Однако дальнейшие соображения показывают, что не нам одним приходится нести ответственность за подобную смелость. Без допущения наличия массовой психики, без признания непрерывности в чувственной жизни людей, дающей возможность не обращать внимания на прерываемость душевных актов вследствие гибели индивидуумов, психология народов вообще не могла бы существовать как наука. Если бы психические процессы одного поколения не находили своего продолжения в других, если бы каждое поколение должно было заново приобретать направленность в жизни, то в этой области не было бы никакого, почти никакого развития. Отсюда возникают два новых вопроса – насколько можно доверять психической беспрерывности в пределах смены поколений и какими средствами и способами пользуется каждое поколение, чтобы передать свое психическое состояние последующему? Не стану утверждать, что все эти вопросы достаточно выяснены, что простая устная передача традиции, о которой прежде всего думают, здесь может помочь. В целом психология народов пока мало задумывается над тем, каким образом создается необходимая непрерывность душевной жизни сменяющих друг друга поколений. Отчасти, по-видимому, все происходит благодаря наследованию психических предрасположенностей, но те все-таки нуждаются в известных побуждениях индивидуальной жизни для того, чтобы проснуться к полной действительности. В этом, наверное, и заключается смысл слов поэта:
Еще сильнее затруднило бы понимание признание того факта, что бывают душевные движения, столь бесследно подавляемые, что они не оставляют никаких остаточных следов. По счастью, таковых движений на самом деле нет. Даже самое сильное подавление оставляет после себя искаженные замещающие душевные движения и проистекающие из них реакции. Значит, мы можем допустить, что ни одно поколение не в состоянии скрыть от последующих своих более или менее значительных душевных процессов. Психоанализ доказал, что каждый человек в своей бессознательной душевной деятельности располагает аппаратом, который позволяет истолковывать реакции других людей, то есть устранять искажения, каковые другой человек совершает при выражении своих чувств. Бессознательное усвоение и понимание обычаев, ритуалов и установлений, в которых отразилось первоначальное отношение к праотцу, могло этим путем обеспечить более поздним поколениям преемственность указанных чувств.

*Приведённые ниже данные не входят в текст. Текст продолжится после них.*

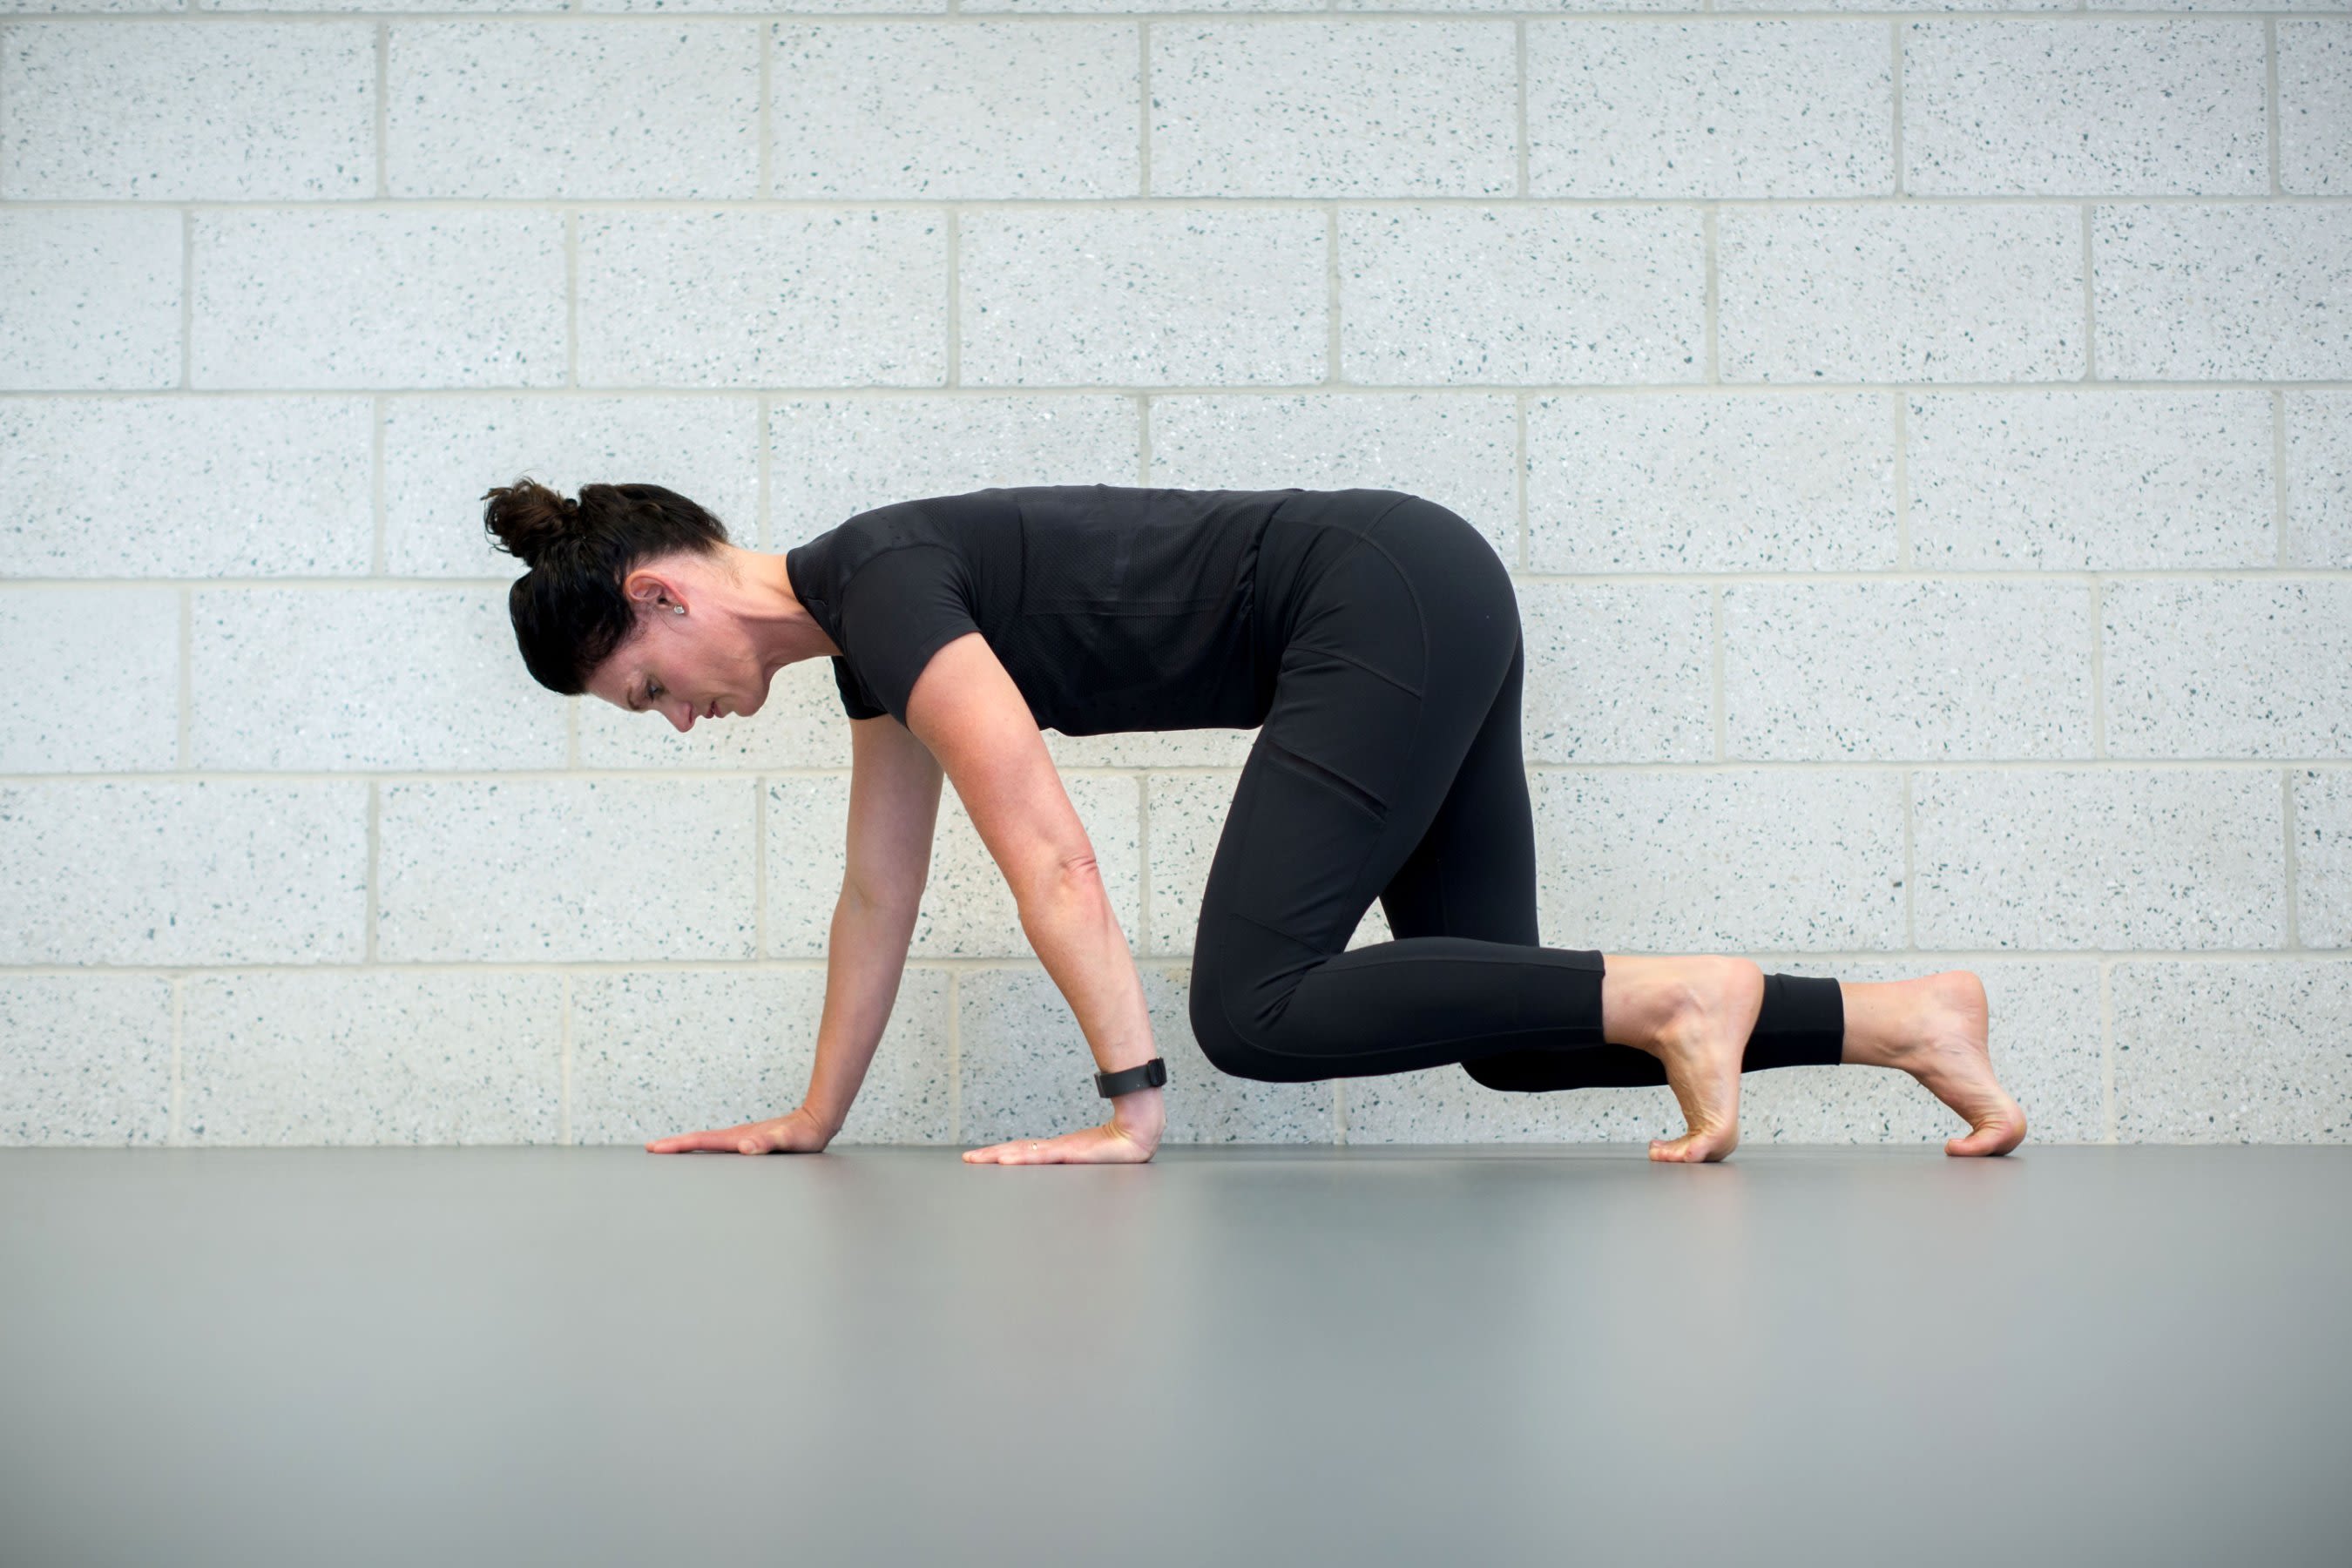 Crawling Exercises For Adults: What Are The Benefits – SWEAT

Другое сомнение могло бы возникнуть как раз со стороны тех, кто придерживается аналитического образа мыслей. Первые предписания морали и нравственные ограничения первобытного общества мы рассматриваем как реакцию на деяния, давшие зачинщикам само понятие о преступлении. Они раскаялись в этих деяниях и решили, что те не должны больше повторяться, что эти поступки впредь не принесут никакой пользы. Такое творческое осознание вины не заглохло среди нас до сих пор. Мы находим его у невротиков – в качестве асоциальной меры, творящей новые предписания морали и возводящей непрерывные ограничения; мы видим в нем раскаяние в совершенных преступлениях и предосторожность против тех дел, которые предстоит совершить[272]. Но если нам вздумается искать у этих невротиков поступки, обусловившие такие реакции, то нас ожидает разочарование. Нет никаких поступков, есть лишь порывы, движения чувств, стремящихся ко злу, и воплощения этих порывов сдерживаются. Осознание вины невротиками опирается исключительно на психическую, а не на фактическую реальность. Невроз вообще характеризуется тем, что ставит психическую реальность выше фактической, реагирует на мысли столь же серьезно, как нормальные люди реагируют на действительность.